While Canadian officials plead that they are in compliance with the Nuclear Non-Proliferation Treaty (NPT) because our exports are only intended for peaceful purposes, India and Pakistan (as well as Israel and North Korea) are not signatories to the treaty.
The Canadian Nuclear Safety Commission also maintains nuclear agreements with some 42 nations, aimed at “assurances that exports are properly protected, safely handled and used for peaceful purposes.”
But the Joint Federal-Provincial Panel on Uranium Mining Developments in Northern Saskatchewan concluded as far back as 1993 that “no proven method exists for preventing incorporation of Canadian uranium into military applications.”
In fact, Canada’s long history of uranium mining and exports goes back to the World War II Manhattan Project.

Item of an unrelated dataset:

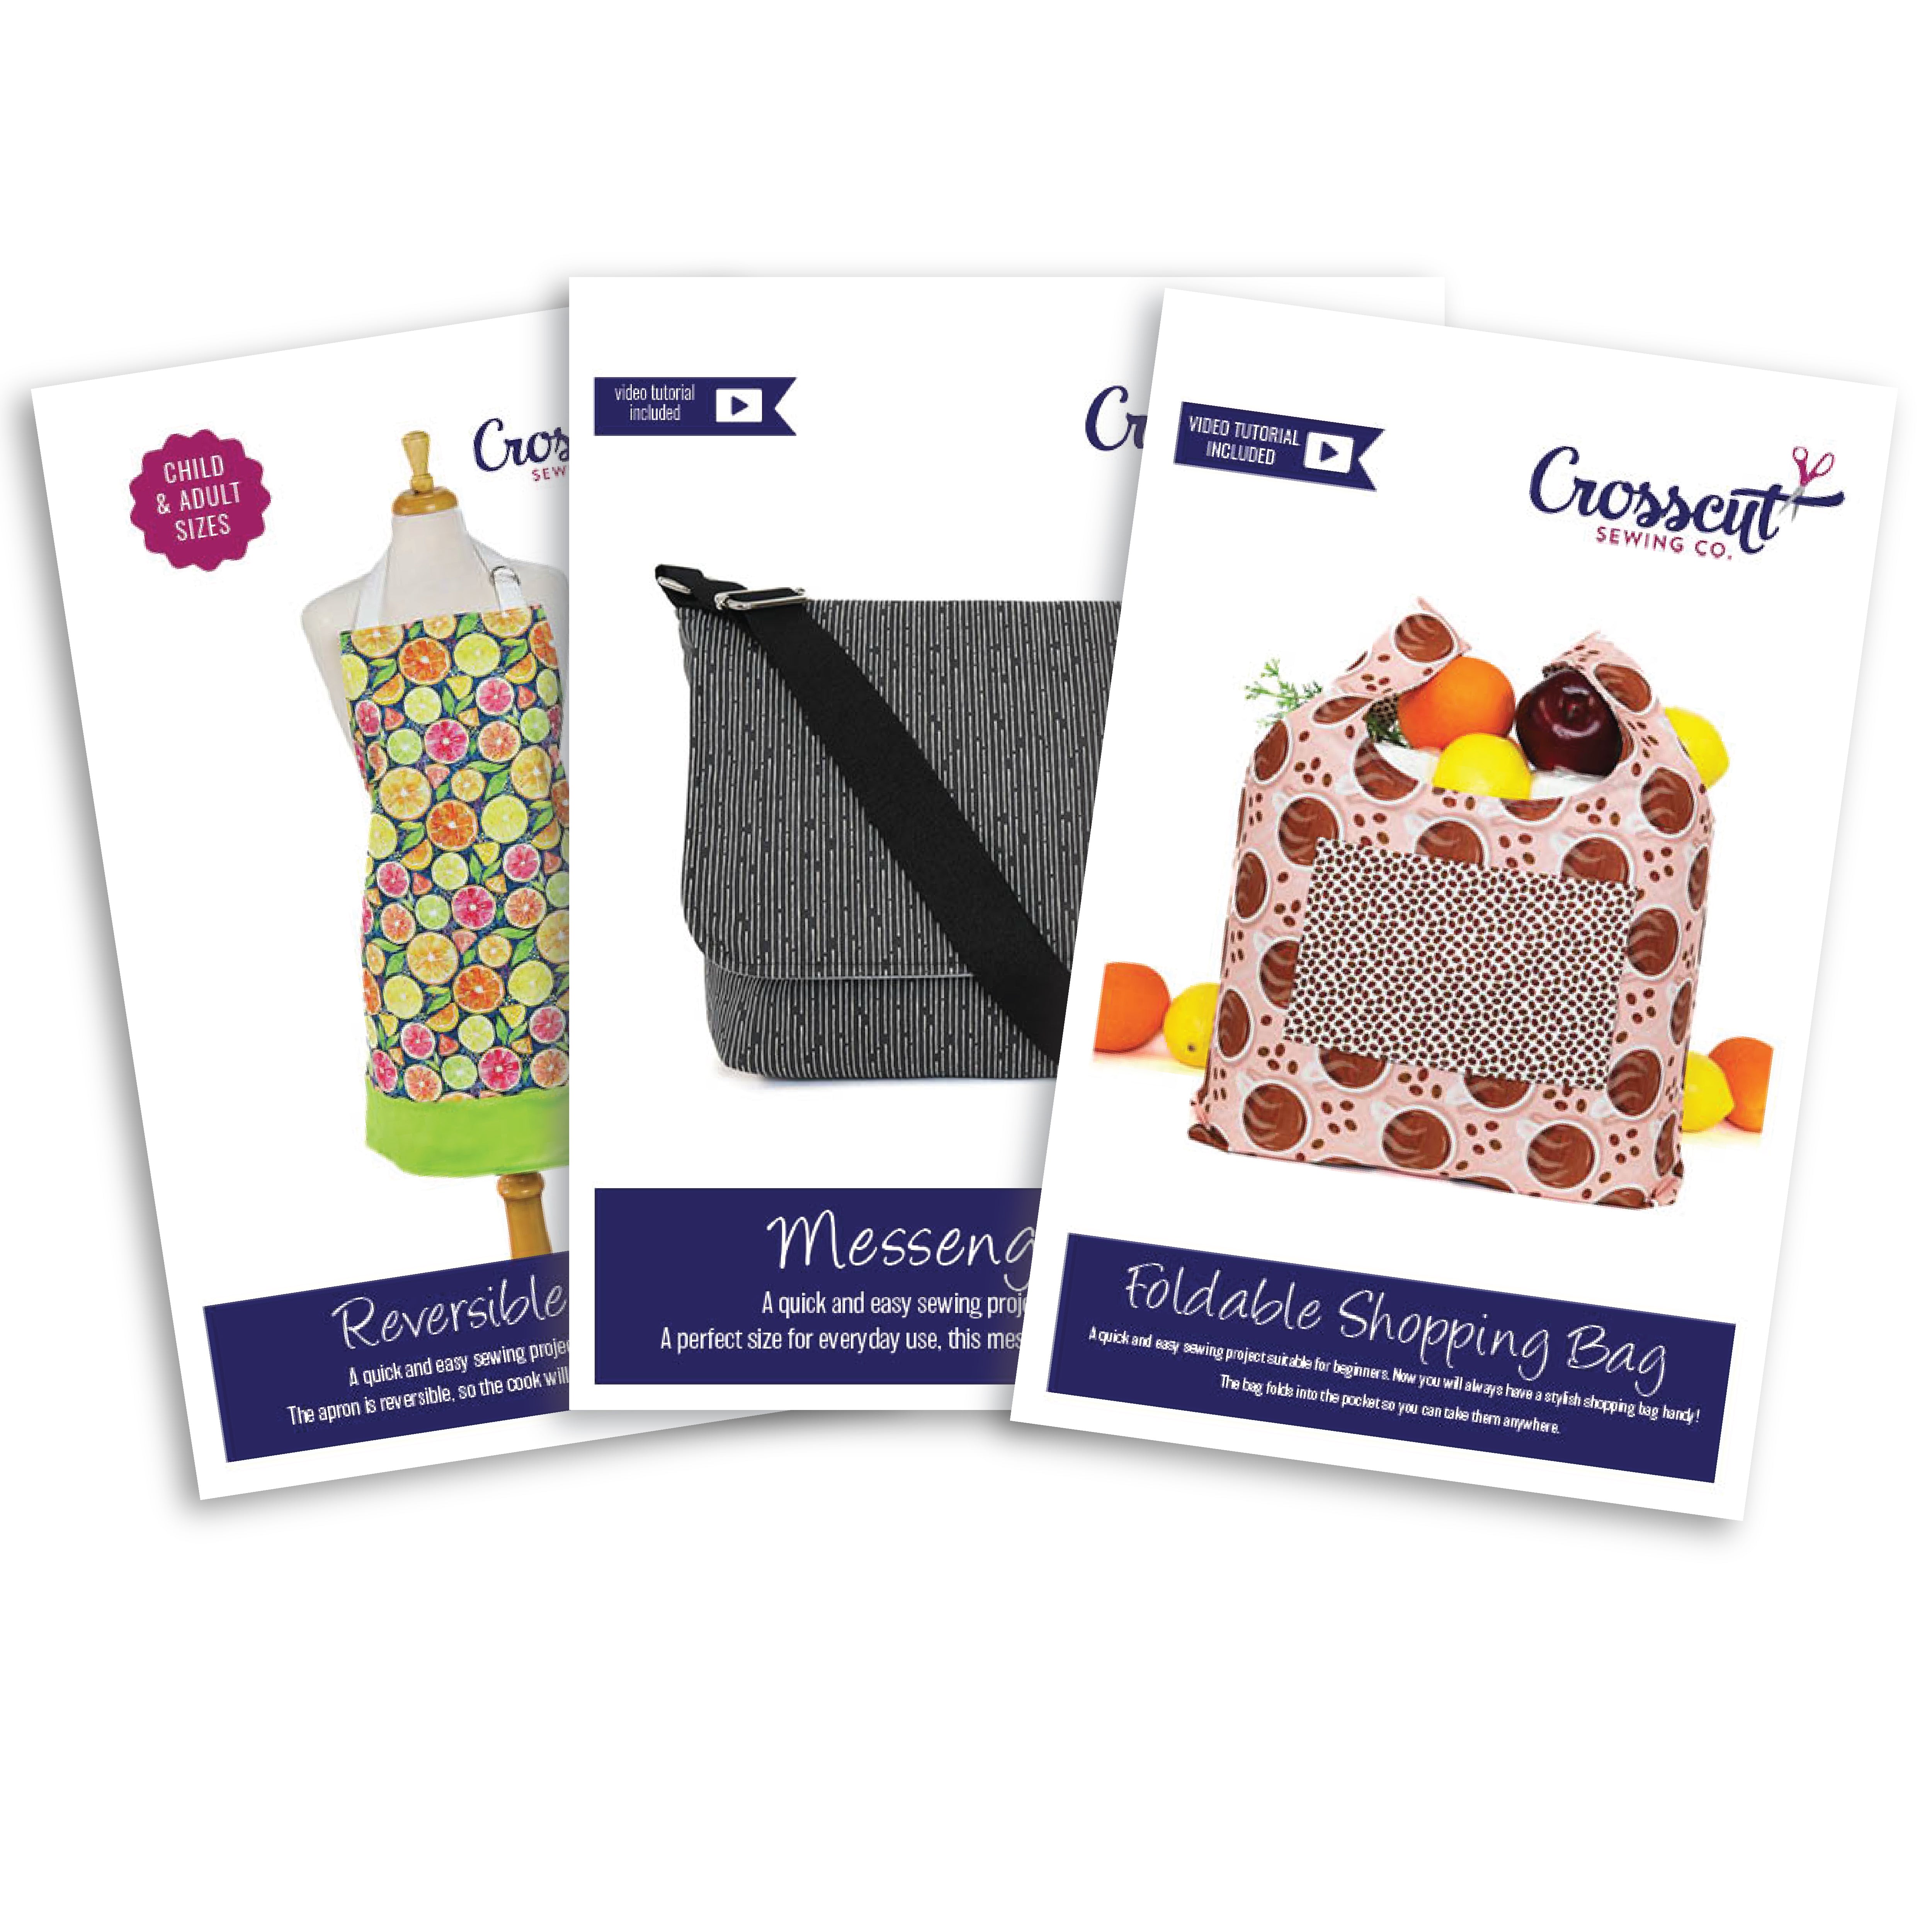 Best Sellers Sewing Kit Bundle - Apron, Messenger Bag and Shopping Tote

Canadian uranium and plutonium were used to incinerate Hiroshima and Nagasaki.
As Edwards wryly asks, “Every country in the world that mines uranium says it’s for peaceful purposes, so where the heck did all the bombs come from?”
While the world’s leading nuclear weapons nations ironically decry proliferation and agonize over Iran’s nuclear program, the malevolent legacies of the nuclear weapons fuel cycle are felt closer to home in the indigenous territories under which most of the uranium is found.

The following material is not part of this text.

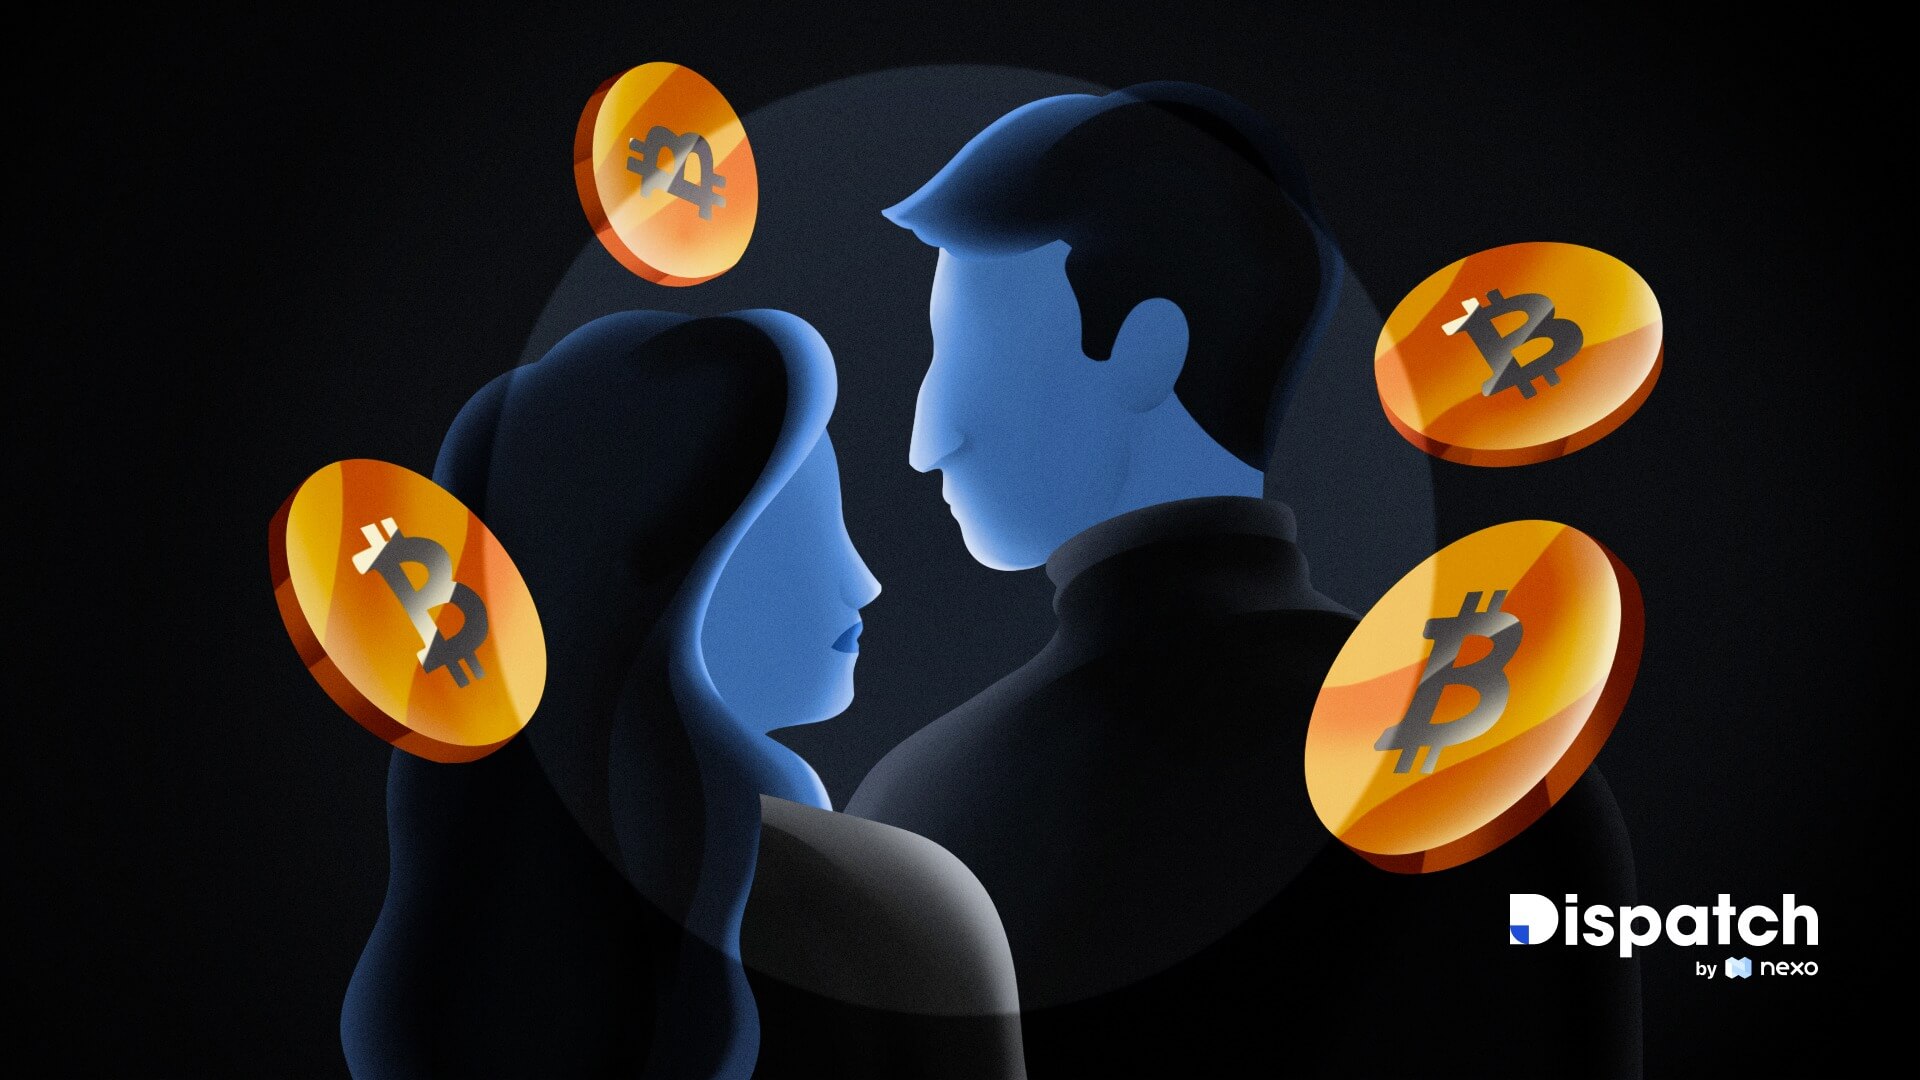 Dispatch #74: This V-Day – A Couple’s $3.6B in Stolen BTC

Candyce Paul of the Saskatchewan English River First Nation says one in seven people in her community suffer from cancer, the radioactive legacy of decades of uranium mining and waste that has contaminated food, air and water over a large section of Dene territory.
Paul and groups like the Committee for Future Generations spend countless hours testifying before the Canadian Nuclear Safety Commission, protesting at Cameco offices and lobbying federal and provincial governments that have failed to begin the cleanup of some of the province’s very first uranium mines.

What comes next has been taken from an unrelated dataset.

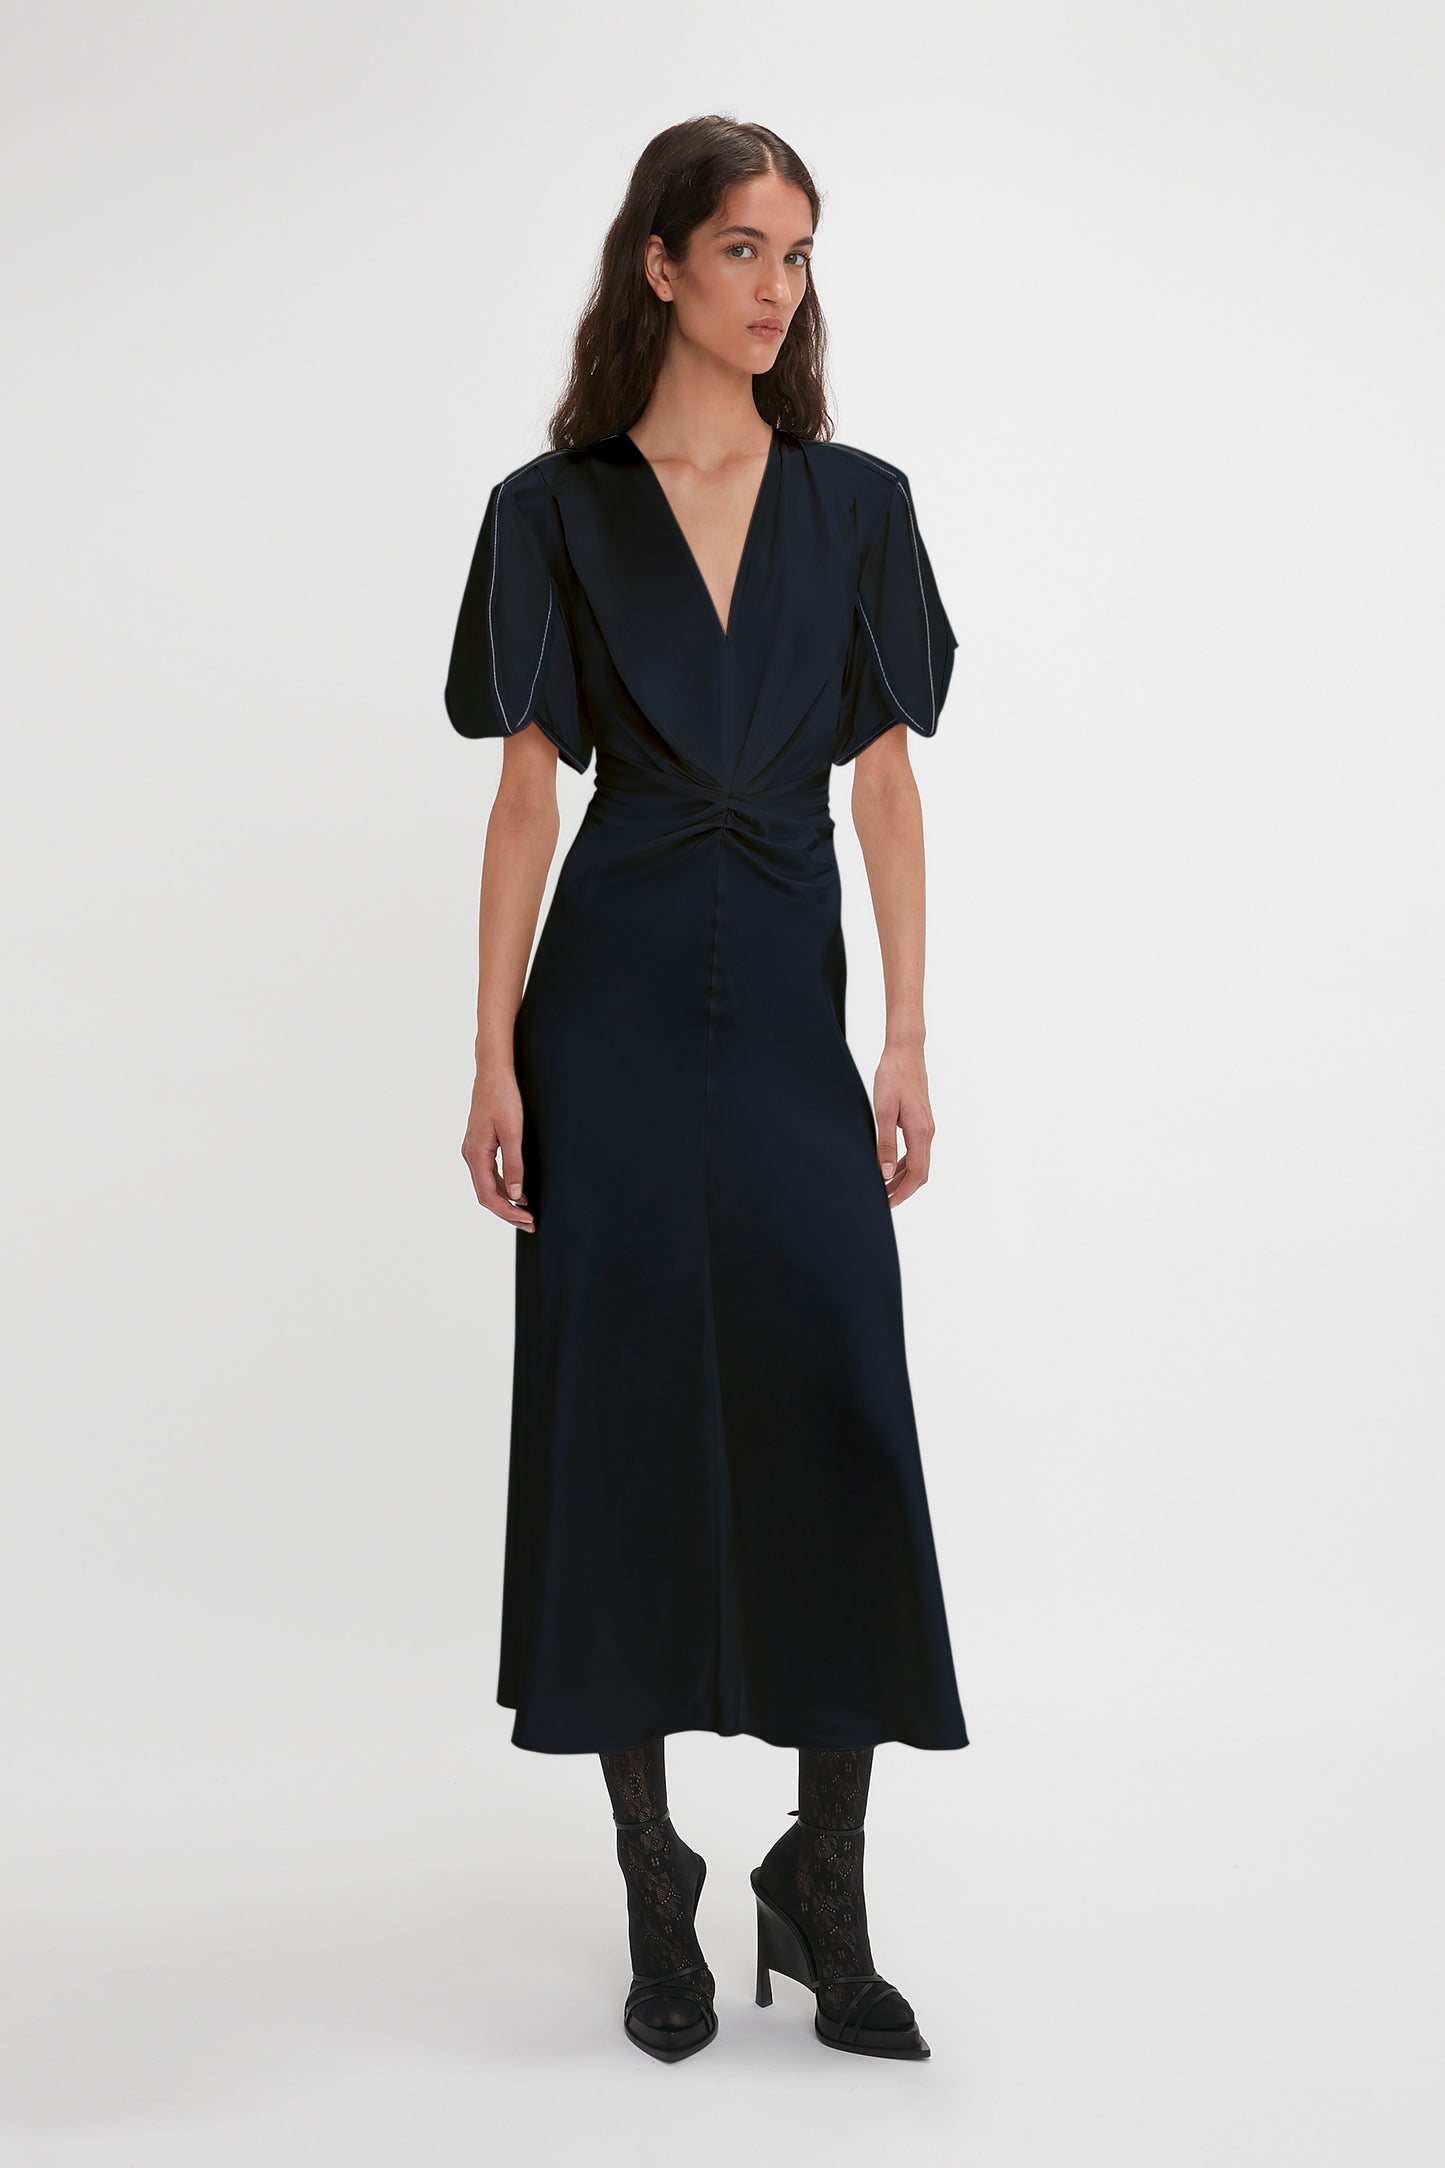 A woman wearing a Victoria Beckham navy blue Exclusive Gathered V-neck midi dress with puffed sleeves, stretch fabric, and black lace-up boots, standing in a studio with a white background.

As Saskatchewan continues to expand uranium mining – Paul says some 2,600 new mining permits have been issued – the impact on indigenous communities is divisive and stressful.
“We’re challenged on a daily basis here,” Paul says. “If you look at the maps of northern Saskatchewan, our entire territory is inundated. As usual, we are not being consulted properly. A lot of people are being taken advantage of.”
Paul says mining companies ingratiate themselves with communities by promising jobs and investment, signing confidentiality agreements with a minority of local leaders without fully explaining the negative impacts.
She scoffs at a nuke sector that’s arrived at the Paris climate talks to promote itself as a green alternative, part of a major PR campaign for an industry in a tailspin since the 2011 Fukushima meltdown in Japan (where plant owner TEPCO also receives Canadian uranium). Meanwhile, Wall, who’s part of the Canadian delegation at COP21 in Paris, is emerging as a lone dissenting voice on the need for a climate treaty, arguing that western Canada’s economy should remain the primary concern.
The new federal government has yet to make any definitive statement with respect to nuclear non-proliferation. However, on November 2, a United Nations General Assembly resolution, The Humanitarian Pledge For The Prohibition And Elimination Of Nuclear Weapons, received the support of 128 nations. Canada was one of 28 nations to vote no.